The following is the fifth in a series of blog posts on this topic that are meant to be read together. Links to the previous articles may be found at the bottom of this page. The series as a whole is also meant to accompany a collection of related articles currently being posted on the website Reformation21. Links to those articles can likewise be found at the bottom of this page.

I have mentioned that the Abrahamic Covenant is, in my opinion, more difficult to understand than the other biblical covenants because of the differing natures of the covenant initiation in Genesis chapter 15 and the re-initiation in Genesis chapter 17: the former seems to be unconditional while the latter is clearly conditional. This divergence is of such a degree that it almost begs the question, “Are these two different covenants?” Such a notion is no doubt radical, departing from the mainstream of biblical interpretation…but I am a Baptist, after all.

Fear not! I have no intention of doing to the Abrahamic Covenant what Solomon once threatened to do to an infant. If there were two different Abrahamic Covenants, I would expect the biblical authors to make some mention of this rather important fact. What I am suggesting is not that there are two Abrahamic Covenants, but that two different covenants came out of the Abrahamic Covenant, or if you like, they were initiated as a result of it. The Abrahamic Covenant itself contains traces of both of these later covenants. Their names should be well-known to even the most casual biblical observer: the Old and New Covenants.

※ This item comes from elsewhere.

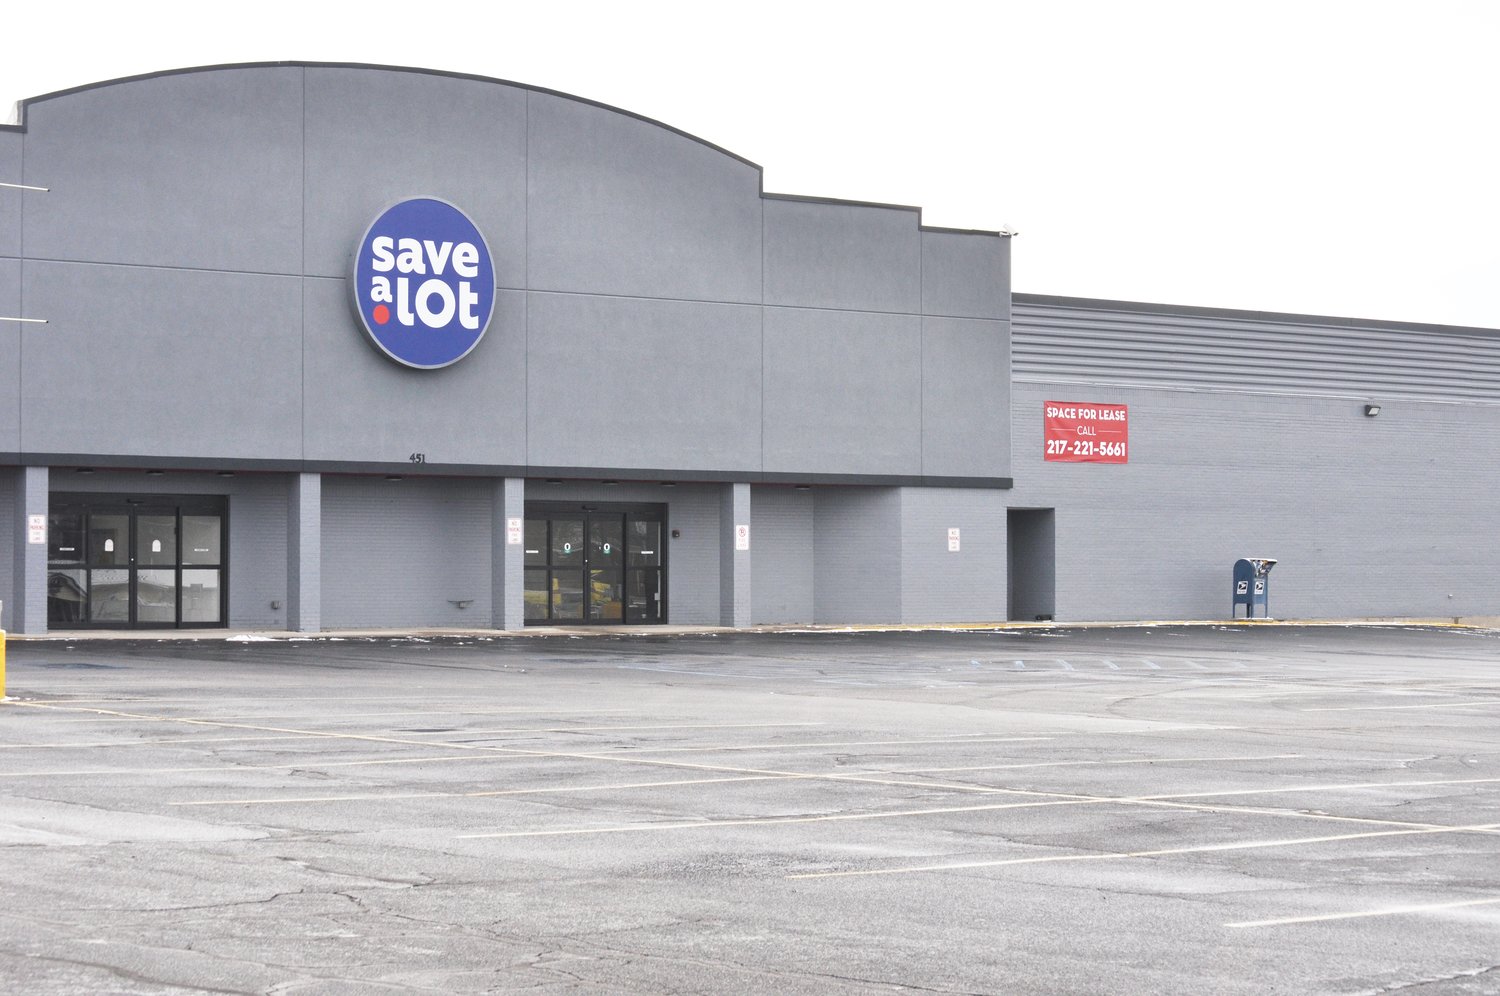 The Montgomery County Health Department is leasing the former Save A Lot building, seen here Thursday, for a community COVID-19 vaccination site.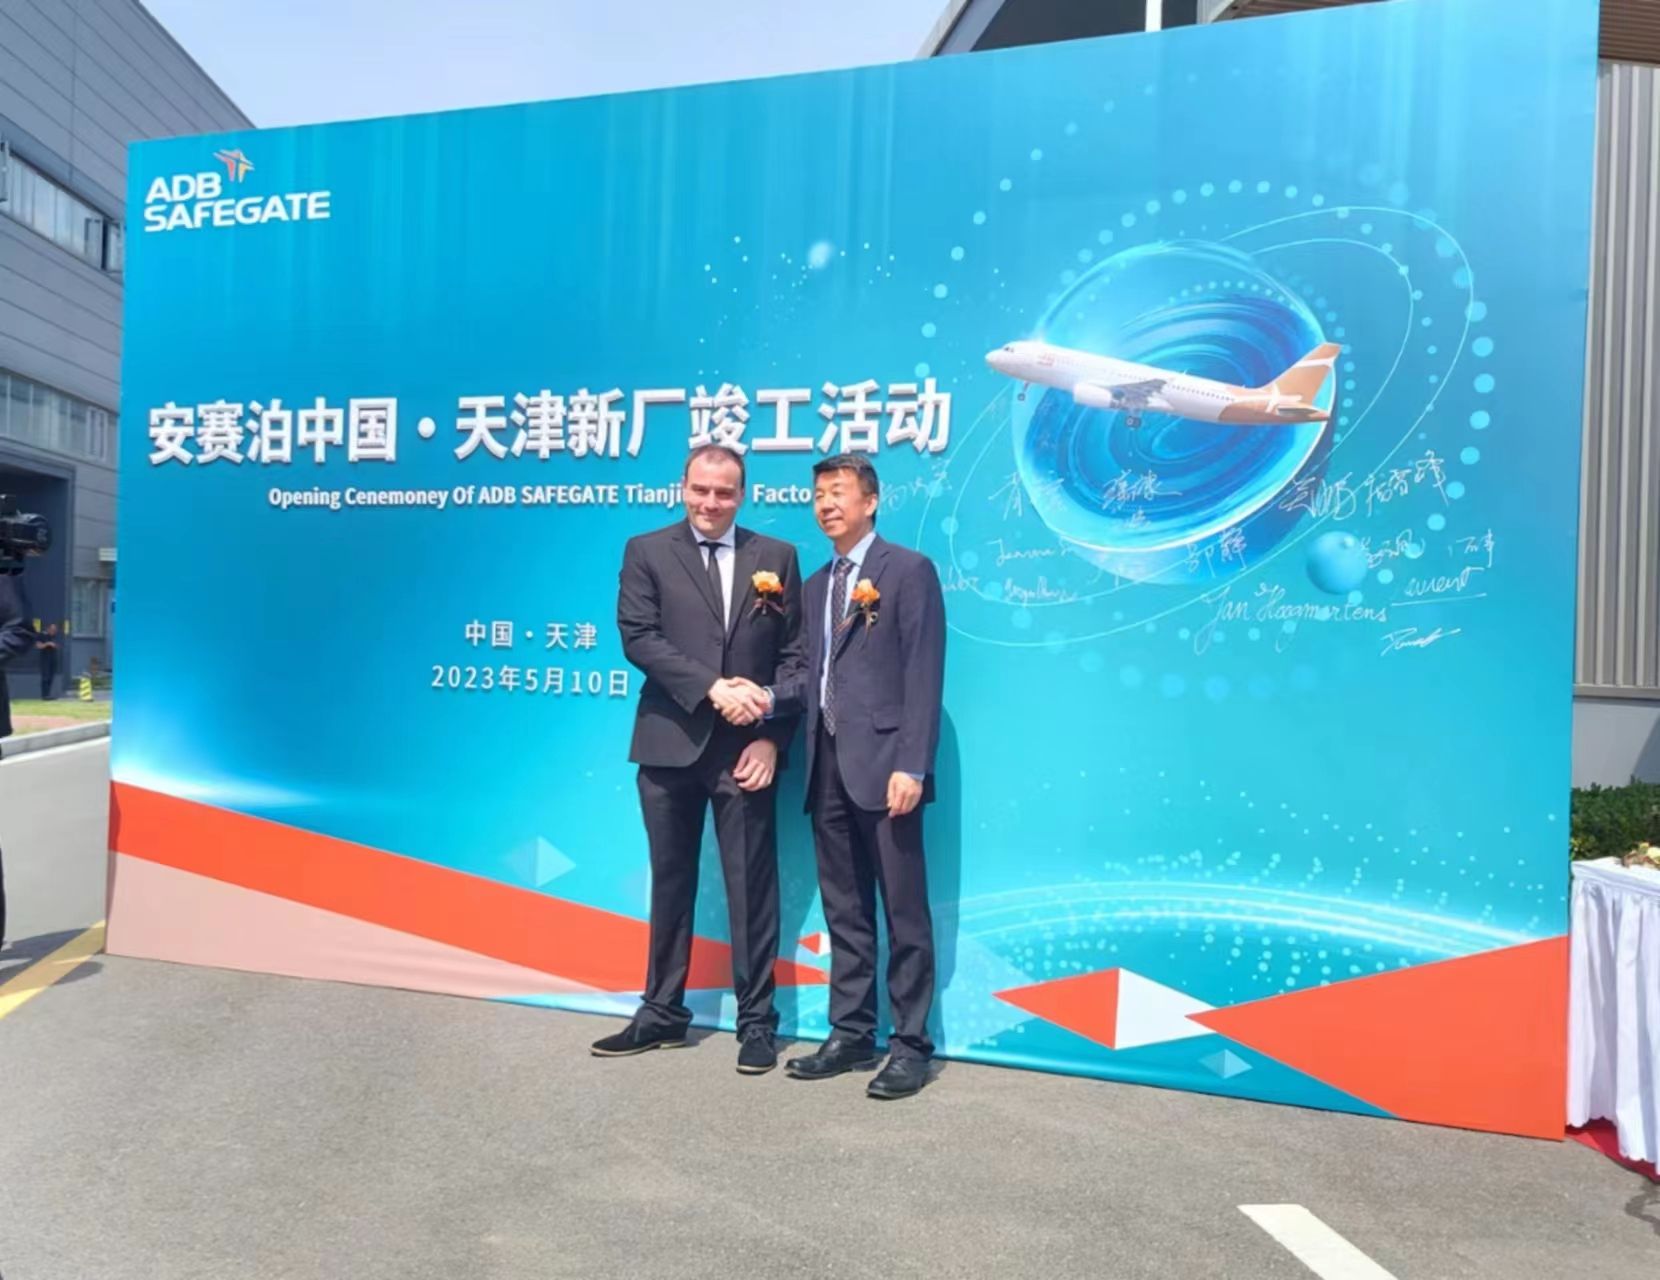 Elemaster Shanghai to the inauguration ceremony of the new site of ADB Safegate Tianjin

About this covenantal duo scripture has much to say, so I believe I am standing on firmer ground. The first thing we must note, and a rather essential thing at that, is that Abraham has two different progenies. On the one hand, he has a line of physical descendants who share his DNA. On the other, he has a line of spiritual descendants who share his faith. This point was clearly explicated by the Apostle Paul.

“Is this blessing then on the circumcised, or on the uncircumcised also? For we say, ‘Faith was credited to Abraham as righteousness.’ How then was it credited? While he was circumcised, or uncircumcised? Not while circumcised, but while uncircumcised; and he received the sign of circumcision, a seal of the righteousness of the faith which he had while uncircumcised, so that he might be the father of all who believe without being circumcised, that righteousness might be credited to them, and the father of circumcision to those who not only are of the circumcision, but who also follow in the steps of the faith of our father Abraham which he had while uncircumcised. For the promise to Abraham or to his descendants that he would be heir of the world was not through the Law, but through the righteousness of faith. For if those who are of the Law are heirs, faith is made void and the promise is nullified; for the Law brings about wrath, but where there is no law, there also is no violation. For this reason it is by faith, in order that it may be in accordance with grace, so that the promise will be guaranteed to all the descendants, not only to those who are of the Law, but also to those who are of the faith of Abraham, who is the father of us all, (as it is written, ‘A father of many nations have I made you’) in the presence of Him whom he believed, even God, who gives life to the dead and calls into being that which does not exist.”

Romans 4:9-17

This was an exceedingly radical notion for first-century Jews who had been raised their whole lives with an “us vs. them” mentality in regard to the Gentiles. The Jews believed that because God had chosen them and granted them the Law, they alone had special access to him. If a non-Jew wanted to become one of Yahweh’s people, he or she would have to formerly convert to Judaism, essentially taking on a new ethnicity in addition to a new religion. While many other nations persecuted the people of Israel, they took great pride in their descent from Abraham.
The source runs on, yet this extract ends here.